BERLUTI LOOKS TO PAINTER LEV KHESIN FOR WINTER ‘21

by Stephen Garner

Berluti presented its winter 2021 collection on Thursday with a performance art installation staged digitally in Paris and in Shanghai. Artistic director Kris Van Assche teamed up with video director Antoine Asseraf and creative consultant Yoann Lemoine (aka Woodkid) on the virtual show experience.

The scene uses the floor signage of social distancing – graphics now familiar to us all – as an illustration of the limitations of our moment in time. Through choreography, models express a sense of freedom found within the boundaries of constraint, mindful rather than physical.

As for the collection, Van Assche adapts the works of the painter Lev Khesin, whose color and texture form the basis of the brand’s newest collection. Khesin, a Berlin-based Russian contemporary artist, expresses himself in abstract, tactile patterns created through multiple layers and colors of silicone paint. His practice echoes that of Berluti’s artisanal patina methods, drawing a natural connection between both the visual and practical domains of Khesin and Van Assche.

The need for a tangible and tactile reality is reflected in this season’s motifs, colors, and textures informed by the work of Khesin. Interpreted in garments and accessories, these motifs create the foundation for a collection embodied by fluidity, adaptability, and the human hand. Subtly unstructured lines cut a soft and relaxed tailoring silhouette. It’s a feeling of comfort expressed in neo-suiting fusing traditional formal dress codes with those of the workwear and sportswear wardrobes, often carried out in double-face cashmere.

Suits executed in block colors picked up from the palette of the artist are deconstructed in styling, their components mixed up for a multi-color tailoring expression. The signature coloration of Berluti’s classic shoes, patina evolves in leather jackets dyed and faded by hand. In a fully hand-stitched coat evoking one of the artworks, the stitching becomes the pattern itself. A hooded jacket and a jumper in hand-woven leather interpret Khesin’s visual universe in geometric patterns.

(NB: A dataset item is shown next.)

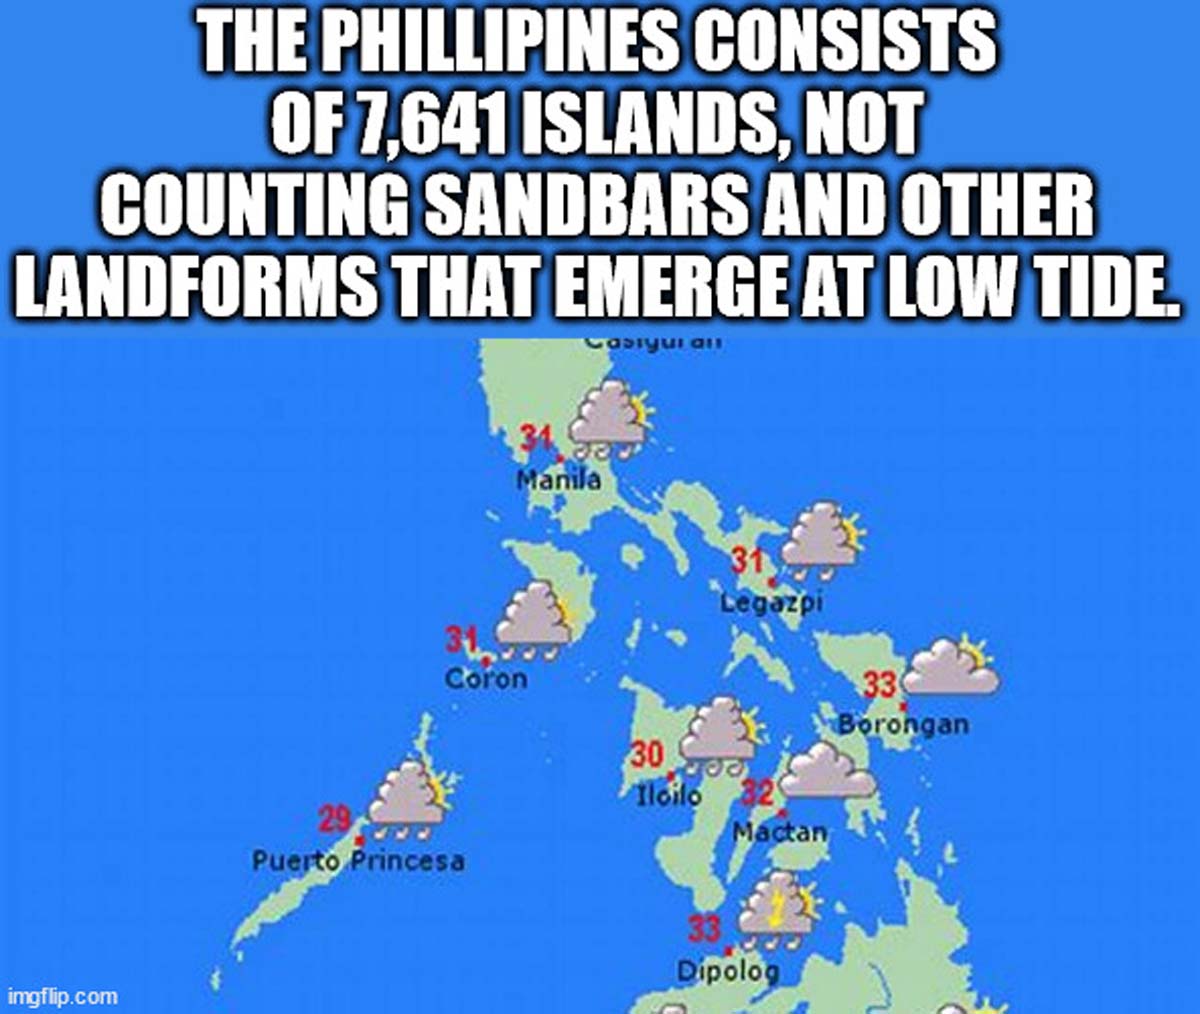 cartoon - The Phillipines Consists Of 7,641 Islands, Not Counting Sandbars And Other Landforms That Emerge At Low Tide. imgflip.com 29 Manila Legazpi Coron 33 Borongan 30 Iloilo Puerto Princesa Mactan Dipolog

In suits rendered in exact prints of the artworks, the motifs are painstakingly aligned between jacket and trouser.

Intensifying the artisanal value, point norvégien is applied to outerwear and suiting. A white stitch embroidery traditionally employed in shoe-making – and which can only be achieved by hand – it translates into the piping of quilted leather jackets, the trims of a leather suit, and the cushioning of a padded puffer coat. Observing similar notes of the hand-spun and folky, a reversible puffer jacket is realized entirely in off-white shearling.

Bags echo the fluidity of the collection in soft and supple manifestations. They are adorned with charms including Berluti’s signature shoe tree and multi-color pendants by the Spanish artist Jorge Penadés, whose practice revolves around the upcycling of leather overstock into compressed solid objects.

Shoes embody the techniques of garments, from the upcycled triple-layered platform sole of a derby to a textured platform foam sole morphed with a classic leather shoe. Square-toed brogues are embellished with point norvégien, while new sneakers in patina leathers hybridize the dress codes of sports and formalwear.